Every new proof of authenticity becomes the new minimum. The new floor eats the old ceiling. The pattern is always the same: the moment authenticity becomes legible, it becomes gameable. It’s Goodhart’s law for authenticity.
V
Walter Benjamin argued that mechanical reproduction erodes aura. We’ve moved past that. We’re now in the age of mechanically reproducing aura itself, so we’ve moved on to looking for the next rung on the ladder of proof of humanity.
Aura used to be embedded in the object. Now it has to be embedded in the person. The personalization of proof is the new frontier.

Effort was once legible — proof of work — but that’s fast eroding. Next comes proof of process or proof of craft. We’ve taken to performed transparency. Sharing off-duty looks and behind the scenes content. Founders building in public. If a tree falls in the forest and no one’s around to stream it, did it fall? So we live stream it. We kill all latency between in and out. We satisfy the suspicious.
But only for a while. Once transparency is legible, it too becomes a costume.
The infrastructure of proof erodes our capacity for belief. We forget what it felt like to consume without suspecting or create without bracing for suspicion. But performance isn't the enemy. We've always performed. The question is whether the performance serves something real or just simulates it.
If effort is now diminished, if it can be hidden, and proof can or soon will be gamed too, if transparency itself can be performed — what’s left?
The only thing left that can’t be gamed is wanting something badly enough that it shows. Desire is the closest thing to proof of authenticity we have left.
Desire resists this because it’s too high-dimensional to fake well. You can perform any single signal of it at any single moment. But the full pattern across time, contexts, and situations unseen is too complex to be manufactured.
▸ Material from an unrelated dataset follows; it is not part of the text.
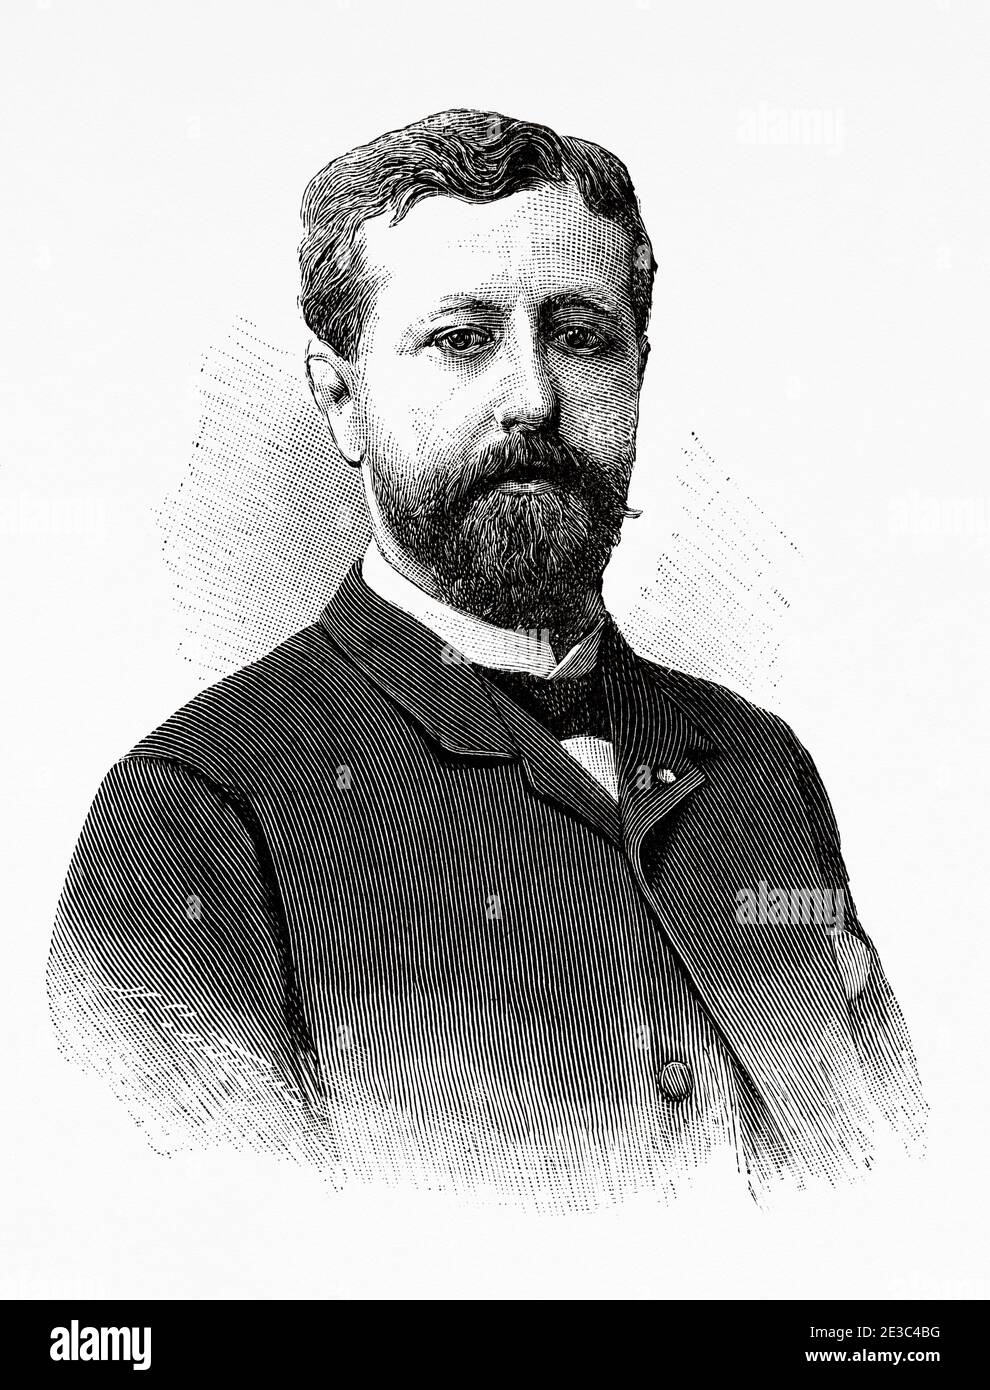 Portrait of Claudius Chervin, 1824-1896 French specialist in speech impediments, educationalist and therapist, founder of Institute of Stammering in Paris, France. Old XIX century engraved illustration from La Ilustracion Española y Americana 1894 Stock Photo

Not borrowed desire or socially acceptable desire or safe ambition. Honest and visible desire. The kind that proves itself yours. Independent, embarrassing, raw. To want something visibly is to risk failing visibly. That’s why most people hedge. They want things privately and with plausible deniability built in. And beyond public desire, you need a why, a living story that takes shape in private desire.
When Timothée Chalamet says he's on a quest for greatness, you can argue it's sincere or strategic. It doesn't matter. You believe he wants it. There's no reason to fake that desire, we think, only to hide it. And like it or not, this is why people label Donald Trump authentic too. His whole personality is telling you what he desires and telling you why he deserves to get it. You can hate what he wants and hope he doesn't get it, but you cannot deny that he wants it.
Duration is the final filter. People chasing rewards leave when rewards dry up. Sustained obsession can’t be faked. If you do fake it long enough to become indistinguishable from someone who has it, you’re not faking anymore.
Just don’t show me a test that says you’re real. The only thing I know when you show me a 100% Human score is that you wanted me to know you were authentic. All you’ve proven is your desire to prove something. The most human trait of all.
In the end, authenticity is a lot like love. You can say the words. You can perform the gestures. But you can’t prove it. The proof is in our experience of the thing itself — or it’s nowhere. The moment we can’t recognize humanity without a machine to verify it, we’ve already lost ours.